Rozdział 3

149 14 5
                                    


Otworzyłam oczy. Pierwsze co zwróciło moją uwagę to róże, białe róże. Podparłam się na dłoniach i rozejrzałam się. Mój wzrok powędrował na drewnianą podłogę altanki, w której się obudziłam. Najbardziej zdziwił mnie widok rozprostowanych nóg i... misia! Spojrzałam niepewnie w lewo.

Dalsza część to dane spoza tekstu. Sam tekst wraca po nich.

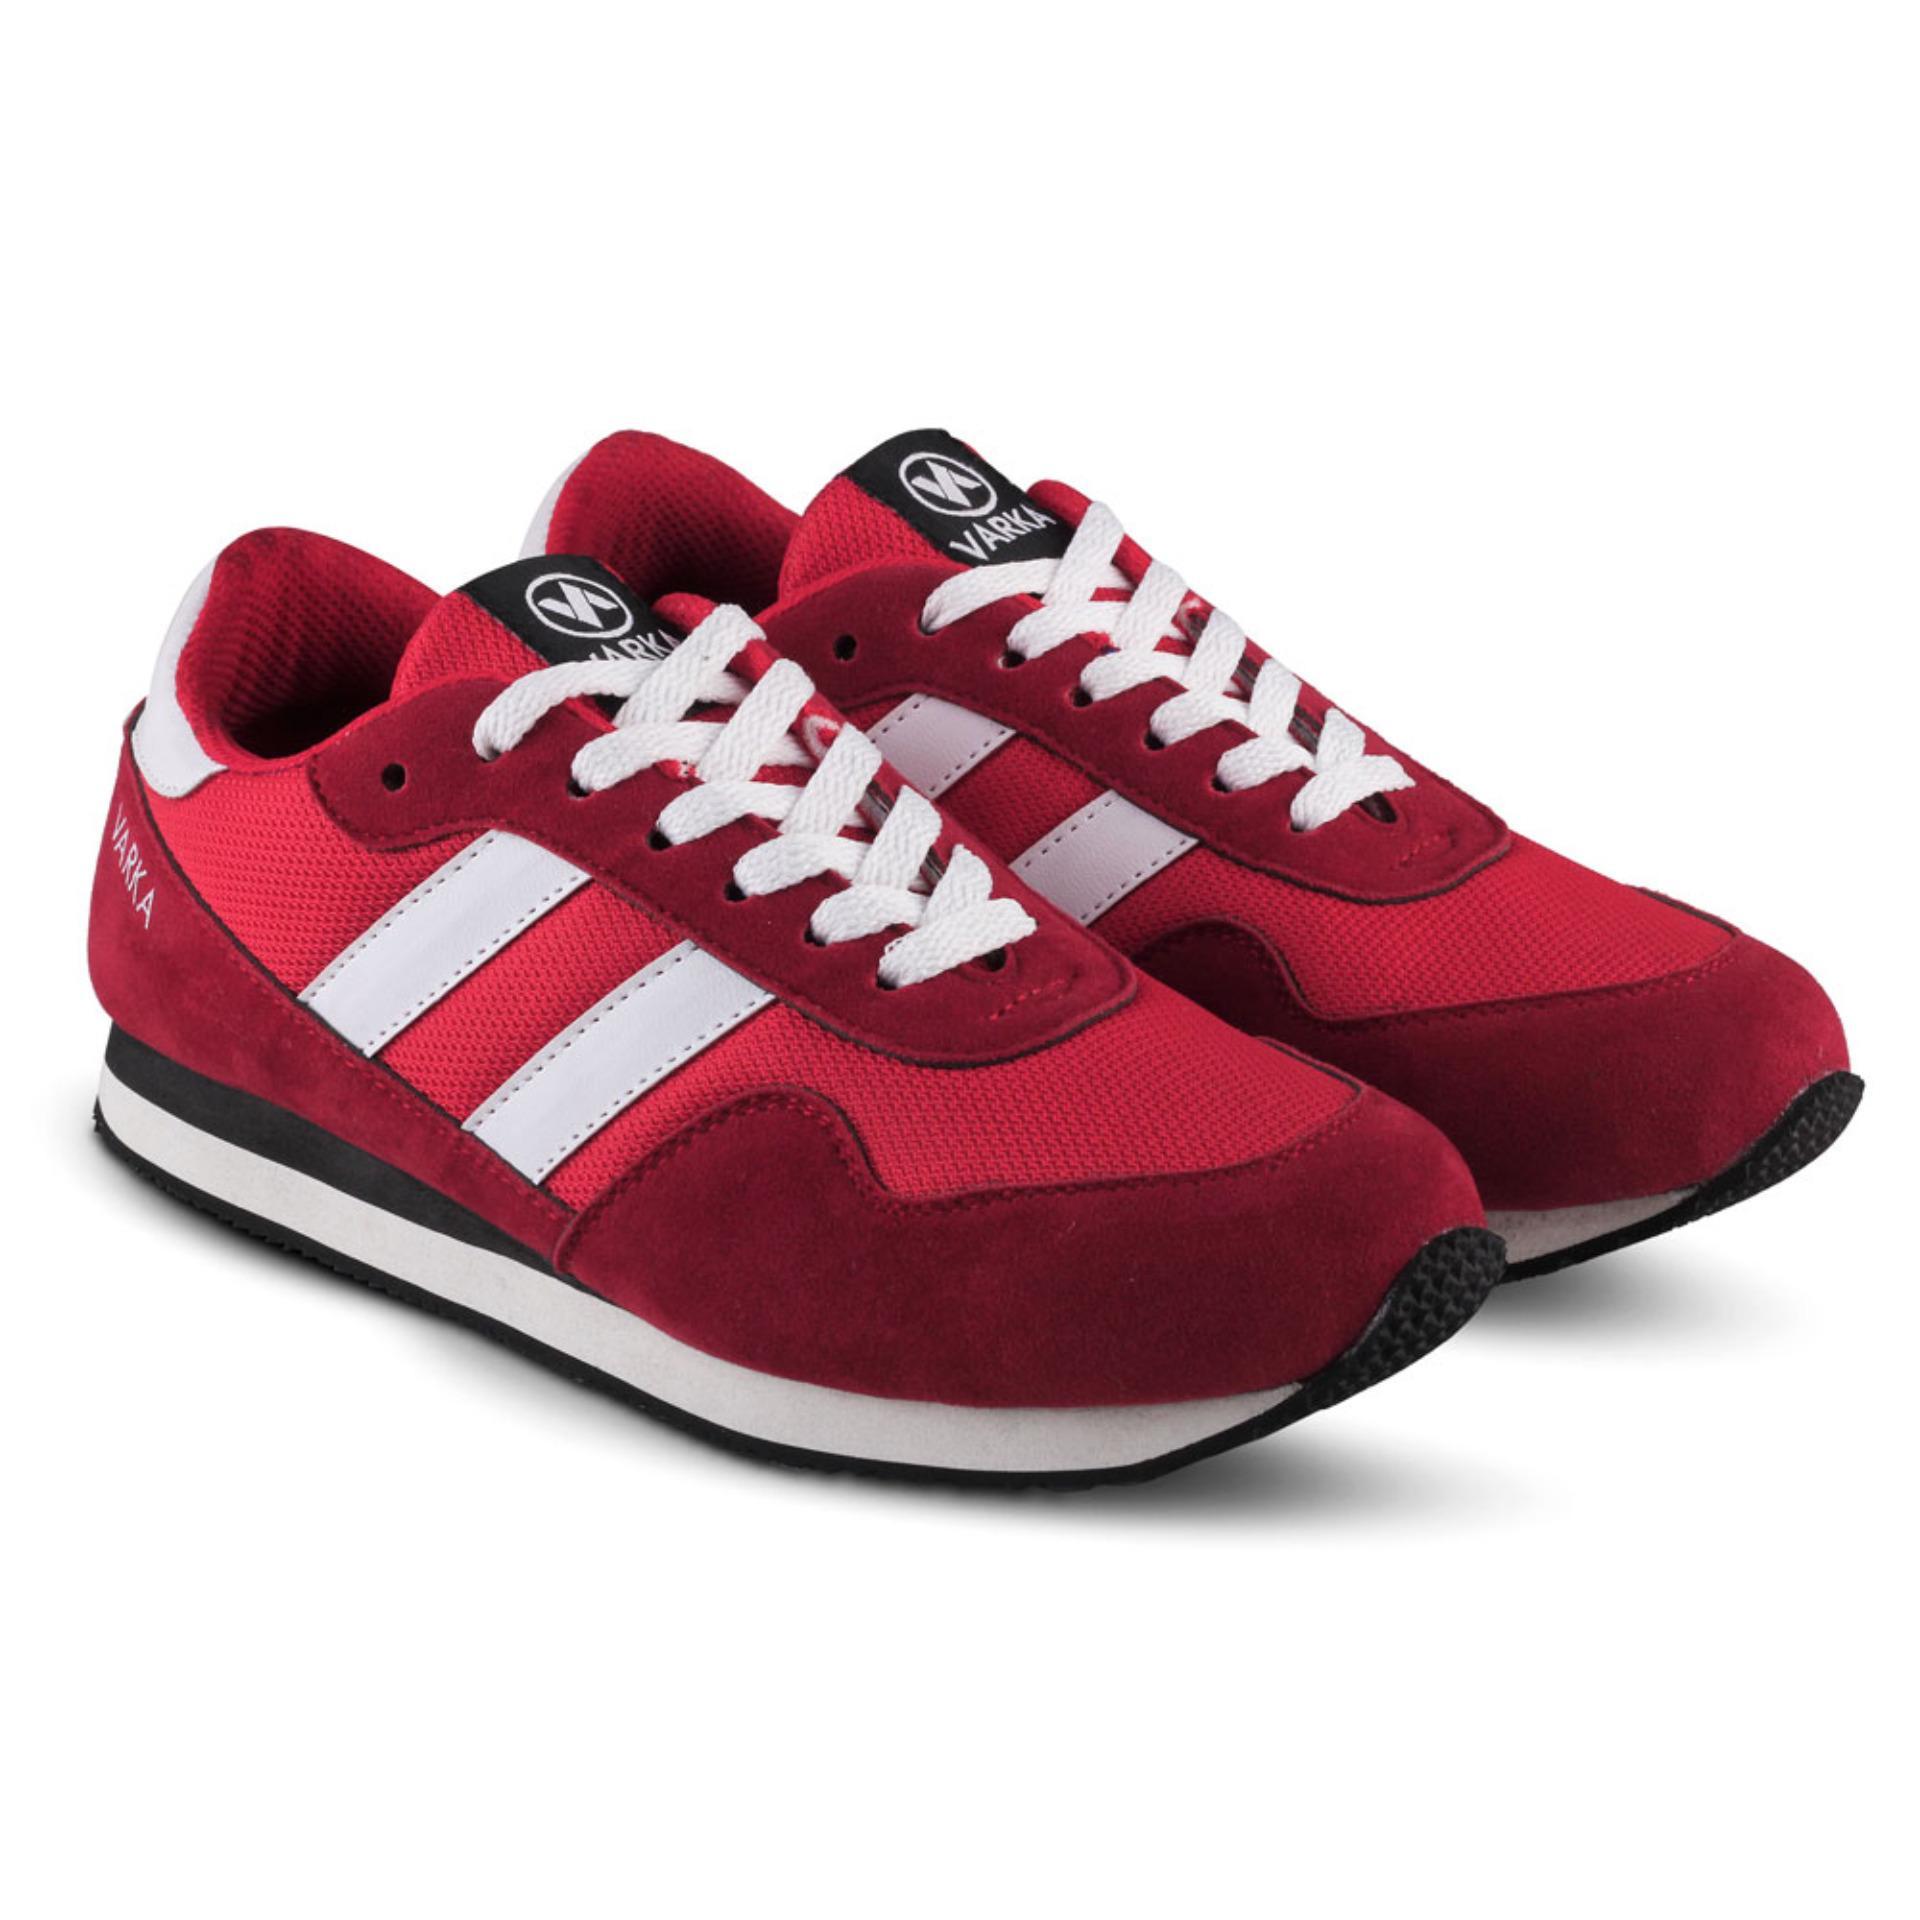 Distro Bandung VR 352 Sepatu Sneaker Olahraga Lari dan Joging Pria - Merah

- Wreszcie się obudziłaś - odkrycie Kanato, jego samego chyba zadziwiło - długo spałaś - oznajmił zmęczonym tonem.

Odsunęłam się od chłopaka, w zawrotnym tempie.

- Subaru kazał cię pilnować, wiesz? - pochylił lekko głowę, w prawą stronę - Co jest w tobie takiego wyjątkowego, że najmłodszy z nas się tobą zainteresował?

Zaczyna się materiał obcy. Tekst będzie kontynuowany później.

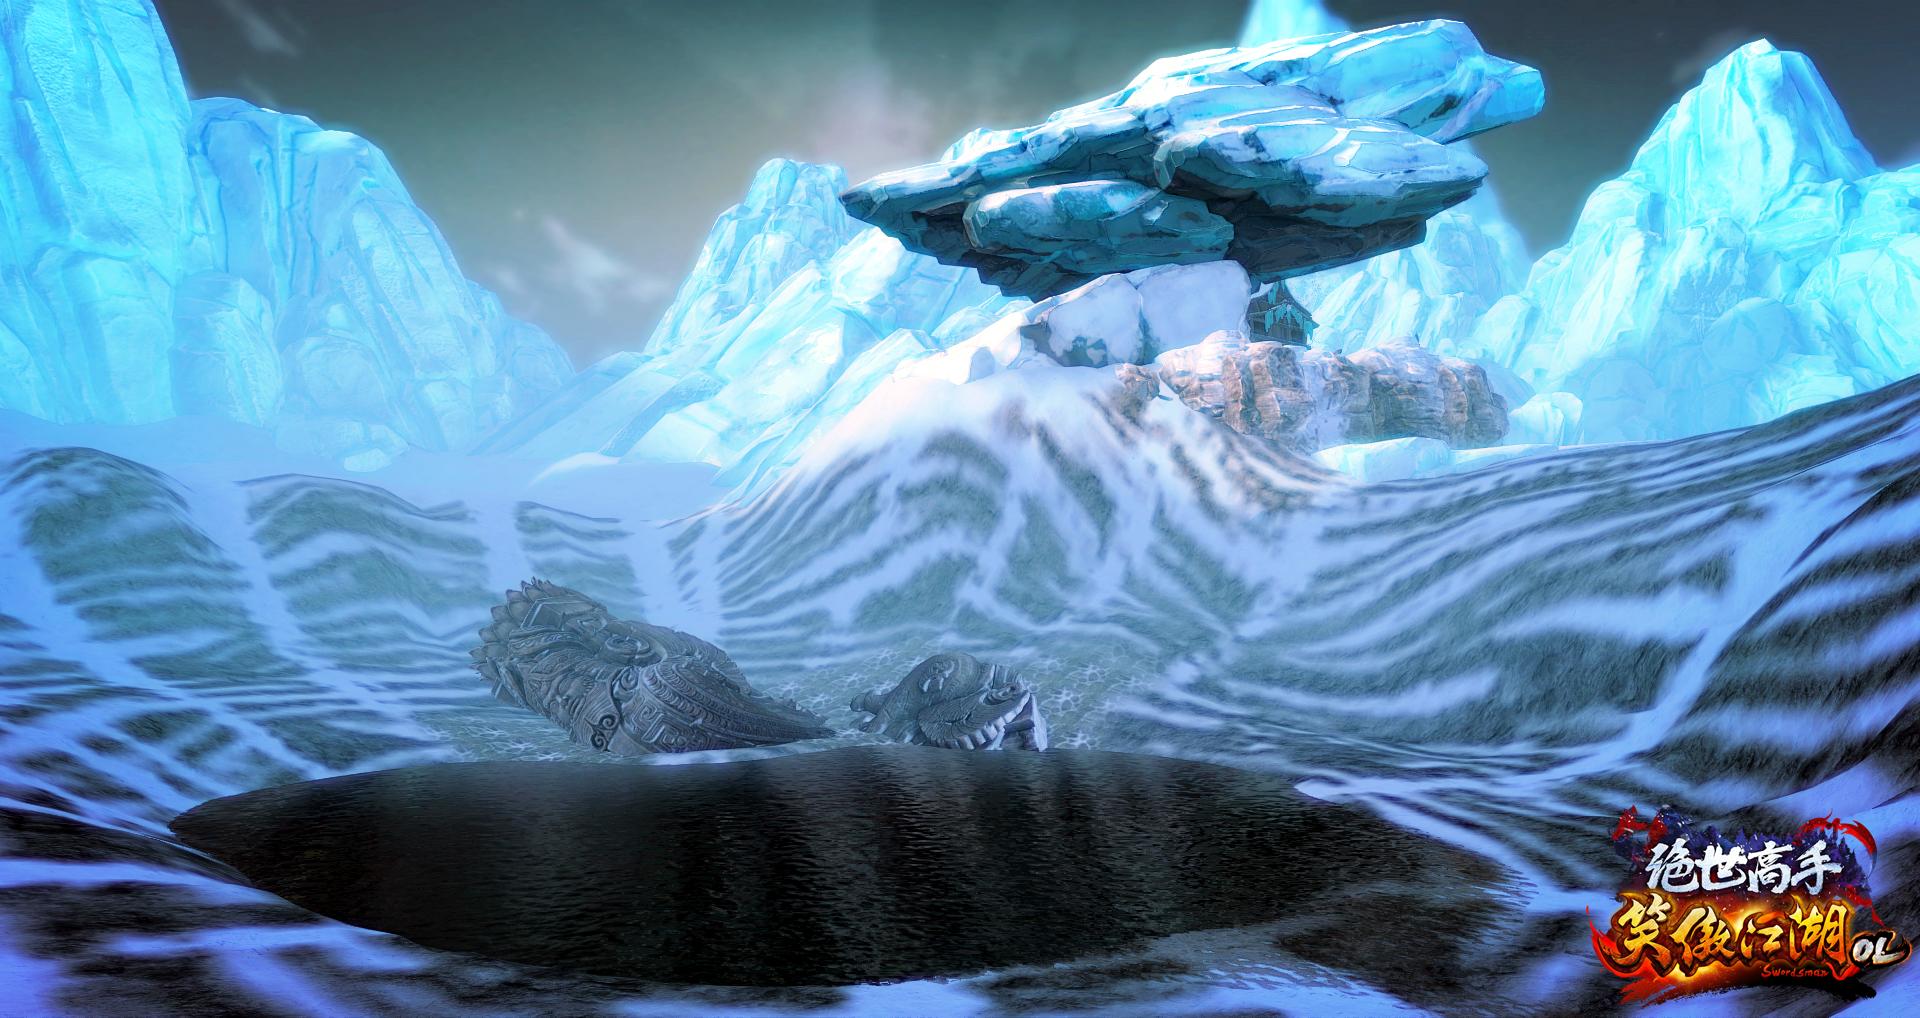 昆仑山,长年冰封,有人说这里曾经拥有过一

- To ty nie jesteś najmłodszy? - spytałam z niedowierzaniem.

Fioletowowłosy zmarszczył brwi.

- Dlaczego miałbym być najmłodszy? - spojrzał na mnie sceptycznie.

- Wyglądasz jak dziecko - mruknęłam pod nosem.

Wampir wstał i zszedł schodkami, z altanki, tak po prostu. Patrzyłam jak się oddala. Byłam zadziwiona, że się nie zdenerwował.

- No chodź wreszcie! - usłyszałam rozeźlony głos Kanato - lepiej żebym nie musiał na ciebie czekać!

Szybko podniosłam się, na równe nogi i szybkim krokiem podeszłam do chłopaka. On zaczął iść dalej.
Przemierzyliśmy cały ogród, który przy okazji podziwiałam. Zastanawiało mnie kto tak starannie dbał o niego. Wątpiłam, że to był którykolwiek z tych chłopaków, chociaż umiał spojrzeć na to z podziwem. A przynajmniej takim, z jakim ja patrzę na ten ogród.
Zatrzymaliśmy się wraz z wampirem przed sporym budynkiem, z mosiężnymi drzwiami, lecz bez okien. Wyglądała on na bardzo stary.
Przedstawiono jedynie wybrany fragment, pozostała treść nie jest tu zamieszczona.